Search code examples
pandasapache-arrowfeathervaex

Arrow IPC vs Feather


What is the difference between Arrow IPC and Feather?

The official Arrow documentation has this to say about Feather:

Version 2 (V2), the default version, which is exactly represented as the Arrow IPC file format on disk. V2 files support storing all Arrow data types as well as compression with LZ4 or ZSTD. V2 was first made available in Apache Arrow 0.17.0.

While vaex, which is an alternative to pandas, has two different functions, one for Arrow IPC and one for Feather. polars, another pandas alternative, indicate that Arrow IPC and Feather are the same.


Solution

  • TL;DR There is no difference between the Arrow IPC file format and Feather V2.

    There's some confusion because of the two versions of Feather, and because of the Arrow IPC file format vs the Arrow IPC stream format.

    For the two versions of Feather, see the FAQ entry:

    What about the “Feather” file format?

    The Feather v1 format was a simplified custom container for writing a subset of the Arrow format to disk prior to the development of the Arrow IPC file format. “Feather version 2” is now exactly the Arrow IPC file format and we have retained the “Feather” name and APIs for backwards compatibility.

    So IPC == Feather(V2). Some places refer to Feather mean Feather(V1) which is different from the IPC file format. However, that doesn't seem to be the issue here: Polars and Vaex appear to use Feather to mean Feather(V2) (though Vaex slightly misleadingly says "Feather is exactly represented as the Arrow IPC file format on disk, but also support compression").
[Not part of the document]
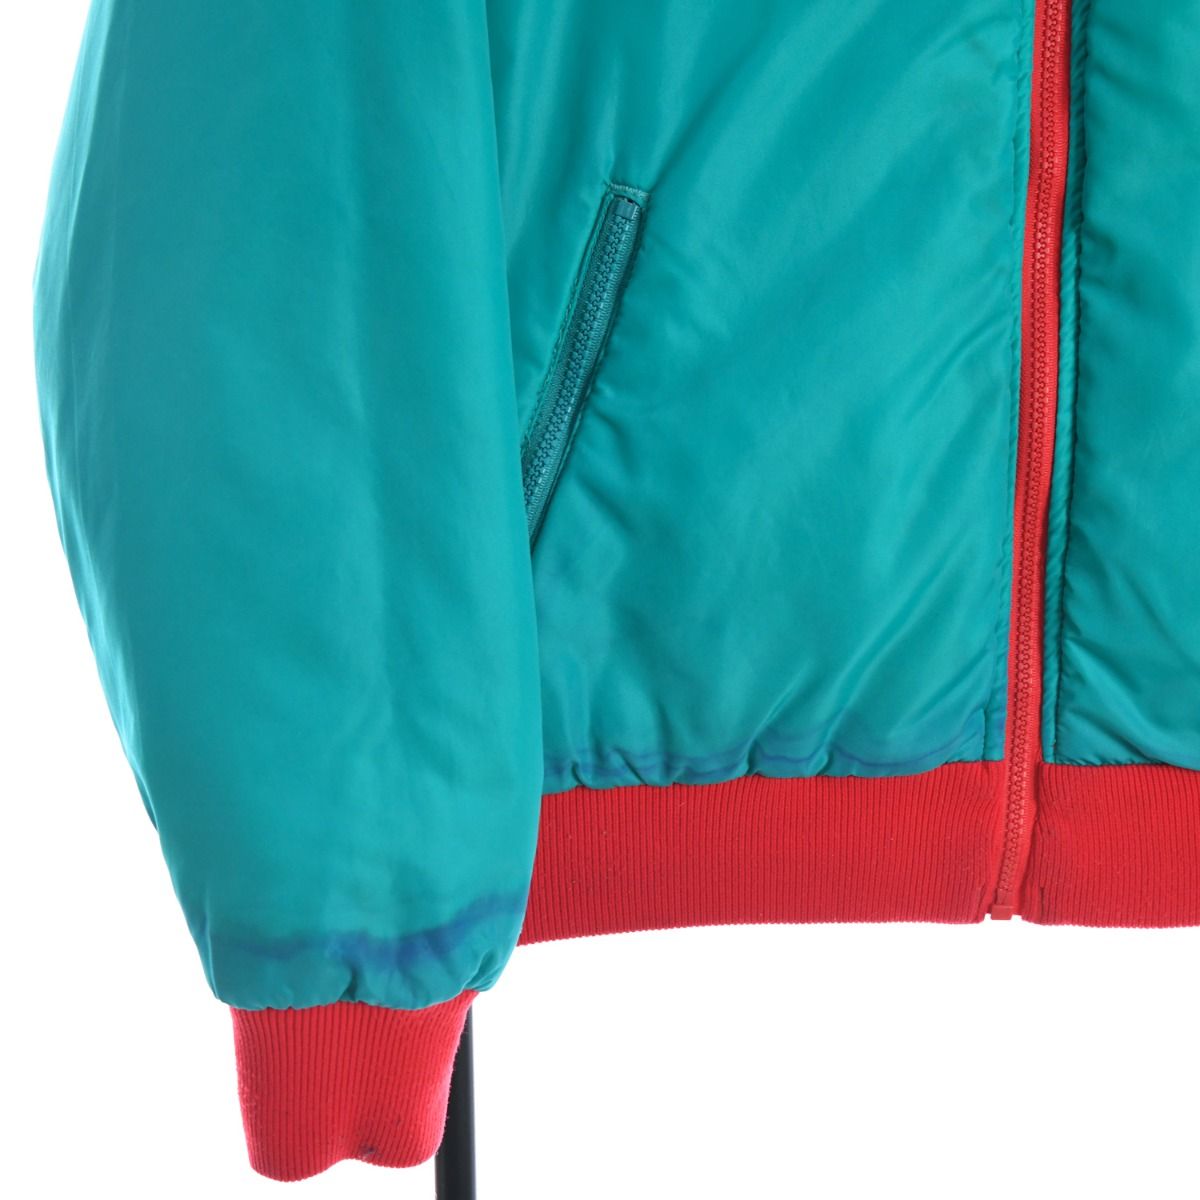 Columbia 1990s Reversible Red Color Padded Jacket

    Vaex exposes both export_arrow and export_feather. This relates to another point of Arrow, as it defines both an IPC stream format and an IPC file format. They differ in that the file format has a magic string (for file identification) and a footer (to support random access reads) (documentation).

    export_feather always writes the IPC file format (==FeatherV2), while export_arrow lets you choose between the IPC file format and the IPC stream format. Looking at where export_feather was added I think the confusion might stem from the PyArrow APIs making it obvious how to enable compression with the Feather API methods (which are a user-friendly convenience) but not with the IPC file writer (which is what export_arrow uses). But ultimately, the format being written is the same.